Still … mustn’t grumble. Worse things happen at sea, especially if you’re booked on a P&O ferry.
In France itself, meanwhile, it is becoming almost impossible to find a dentist who will take you on as a new patient. Louisa’s and my previous dentist, a rather charming Romanian, upped and left without so much as a by-your-leave, and none of her colleagues within a 20-kilometre radius had any gaps in their patient lists. “Désolé, monsieur” – click! The result is that we have to travel to Rennes, two hours away, just to have a couple of broken teeth repaired.
On the eye front, the outlook so far is more promising. Pascal, our local optician, who started wearing colourful shoes after his 50th birthday to show that he remains young at heart, informed us on Tuesday afternoon that we needed to have our eyes checked by a specialist for possible cataracts. But when? I anticipated a date somehow corresponding to the departure from office of Boris Johnson. But I was wrong. “If you leave now, she has an opening available at four o’clock.”
Thus it was that two hours later, having whisked along the newly completed N164 dual-carriageway in the direction of Quimper, I found myself in a darkened room staring at an image of my eyeballs on a hi-res computer screen. The doctor – a Hungarian, I believe – drew my attention to two cloudy areas on the edges of my retina. Apparently, these were not a welcome feature. She looked up at me as if half-asleep. “Mais pas grave.”
It was the same for my wife. The result is that we have to go back in January, and if our shared problem has worsened, we will be booked in for laser surgery in February.
Voila! And all for €178.12, seventy per cent reimbursable on our cartes vitales.
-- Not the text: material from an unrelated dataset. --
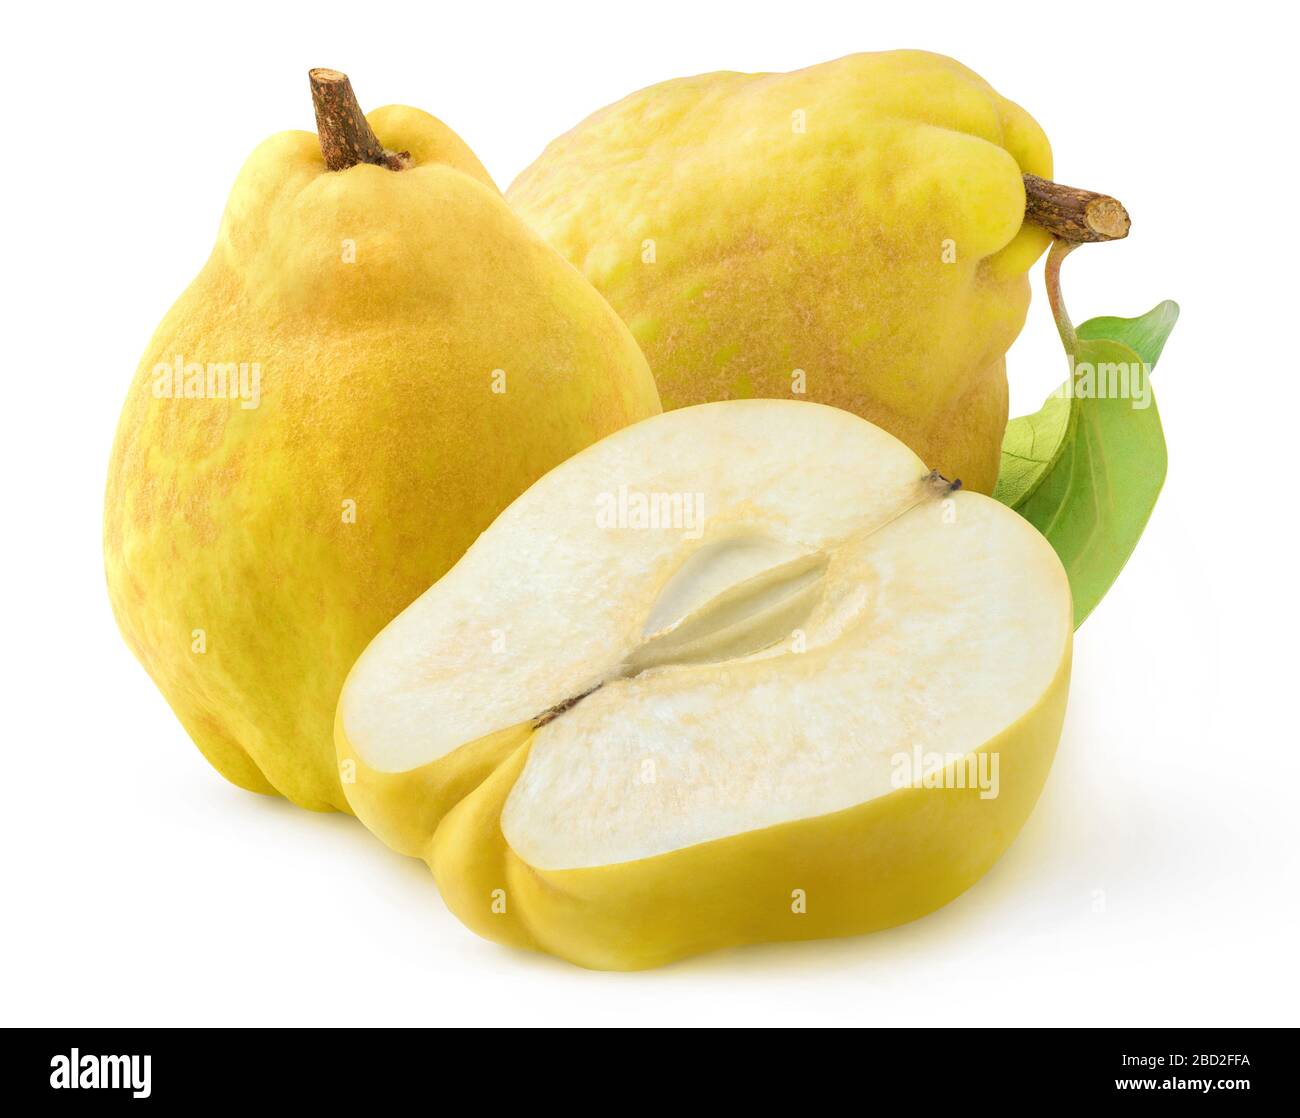 Isolated quince. Two whole quince fruits with leaves and a half isolated on white background Stock Photo

Closer to home (than Quimper, that is), our friend Catherine, born in Paris but a naturalised Bretonne, was dismayed on Wednesday to find a hornet’s nest in her garden. Worse, the hornets in question turned out to be of the Asian variety, which resemble small armoured fighting vehicles and are best known for cutting the heads off honey bees and feeding what’s left to their larvae.
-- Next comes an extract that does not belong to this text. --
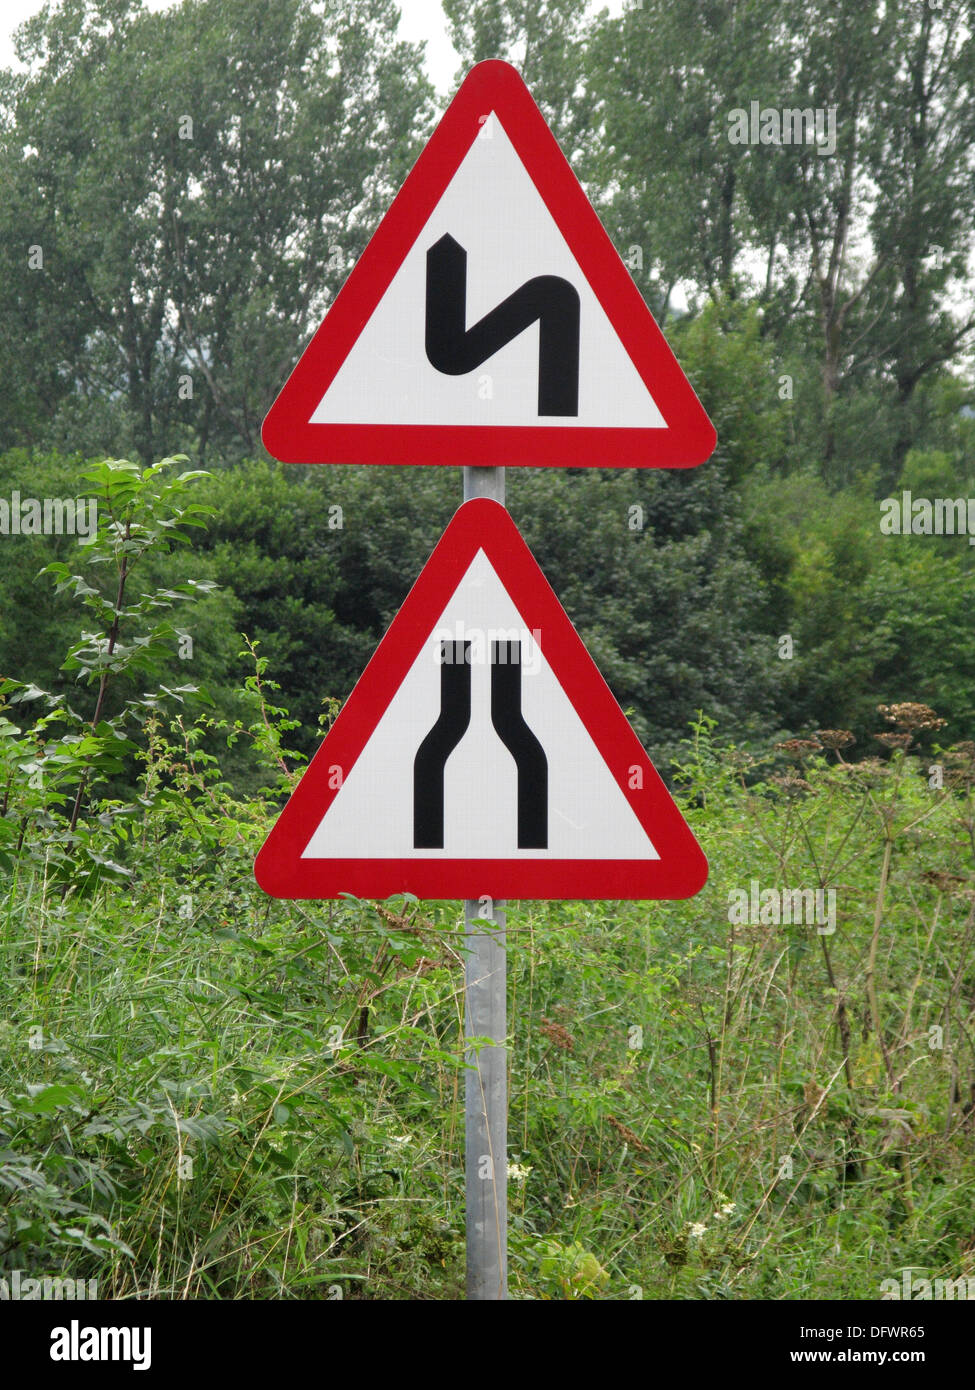 Red Triangle Caution and Warning Road Signs for a Narrowing Road and Bendy Road, UK Stock Photo

Catherine reported her find to our village mairie, a civic requirement now that illegal migration is the norm. They referred her to the larger cantonal office in Callac, which pointed her in the direction of the overarching Guingamp-Paimpol agglomeration. But the upshot, eventually, was that the exterminator was summoned and is reportedly on his way.
My pal Ian has a simpler solution. When he and his wife were sitting in their garden last summer, a hornet made his wife, Florence, its target, hovering just inches from her face. She was petrified. Not so Genghis, the couple’s predatory cat, aka “the menace”.
His paw flew up, the hornet was grasped in his extended claw and deposited, lifeless, on the grass. Mr Miyagi, late of The Karate Kid, who could pluck a mosquito out of the air with his chopsticks: your spirit lives on in Genghis Cat.